Scouting For Girls hate road testing their new material.

The group are starting work on their third album in London, and while they’d like to showcase new material to fans, they admit some of their biggest hits have gone down badly when played live for the first time.

Frontman Roy Stride said: “It’d be good to test out material, but saying that, our biggest songs have always gone down really s**t live.

“Before they’ve become hits – ‘Heartbeat’, ‘It’s Not About You’ – we’d even stopped playing that live. It was only when the record company heard the demos and went, ‘Oh, you’ve got to record them!’

“With ‘Heartbeat’, up until they put it on the record, we thought it was going to be a B-side, then it became massive.

“‘This aint a Love Song’ was like pulling teeth to play before anyone knew it. You’d get to it on the set list and you’d be like, ‘Jesus, this is three and a half minutes of my life I’ll never get back,’ whereas now people go mental for it!”

Instead the band are looking at inviting some of their closest fans to their studio to hearing what they’ve been working on.

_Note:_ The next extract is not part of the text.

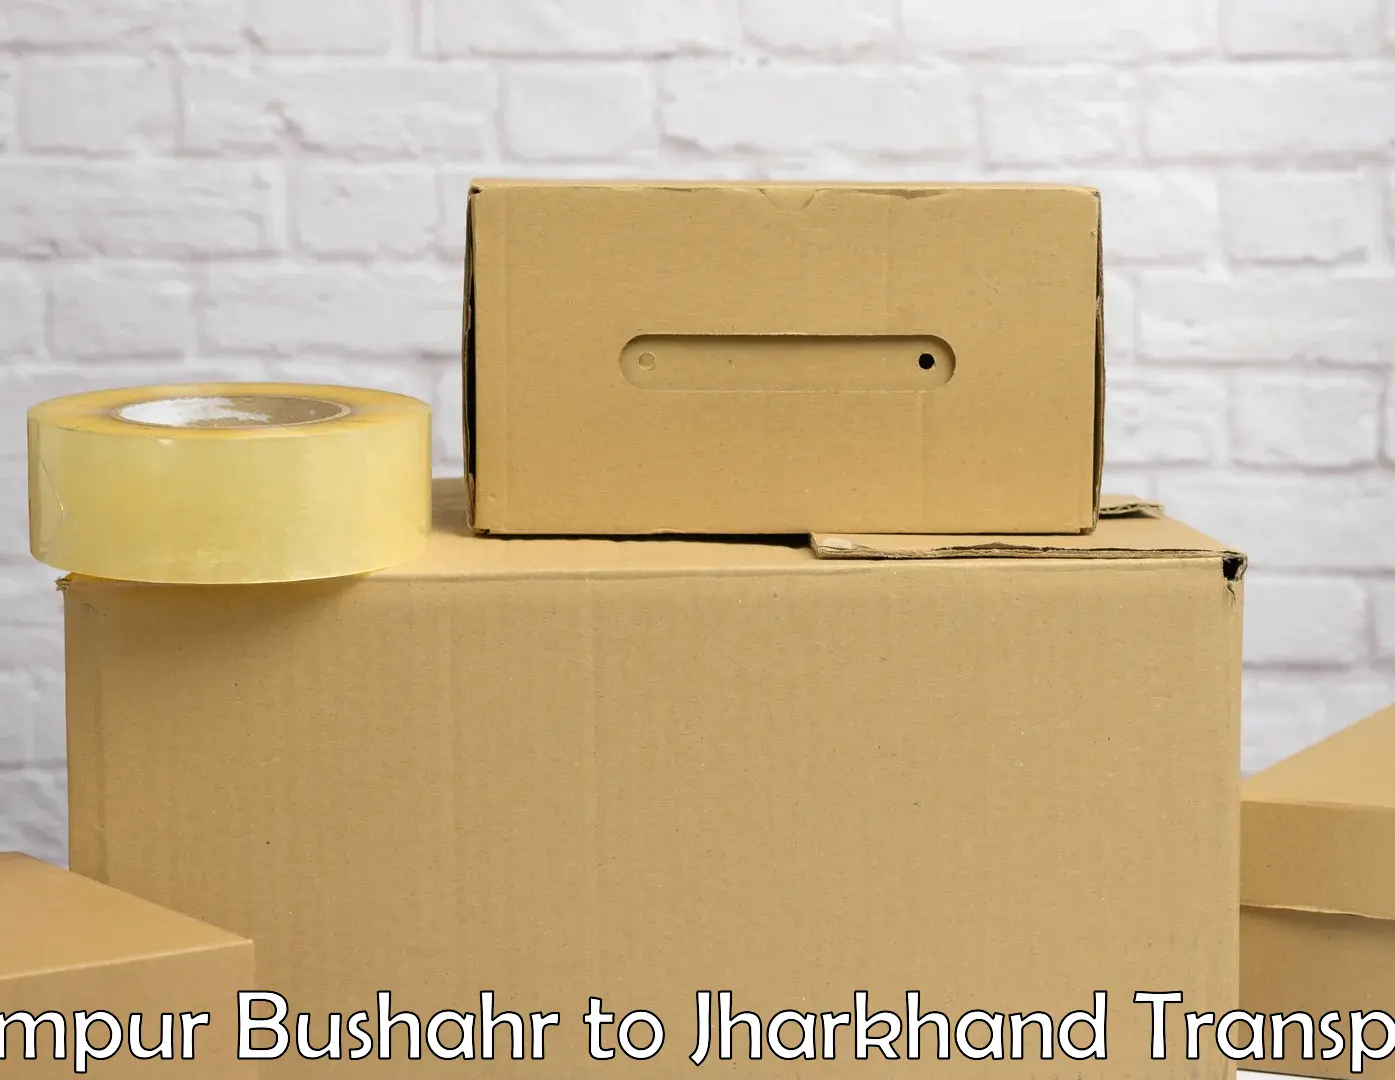 Shipping partner Rampur Bushahr to Bundu

Roy added: “What we’re definitely going to do is in our studio, do some fan club only shows for about 10 or 15 people and it’ll be quite a nice thing for some of our mega super fans, they do a lot for us.”

While fans are waiting for the band’s next record, Scouting For Girls are releasing a bonus edition of their second album, ‘Everybody Wants to be on TV’, with four new tracks on July 18, preceded by new single ‘Love How It Hurts’ which is out now.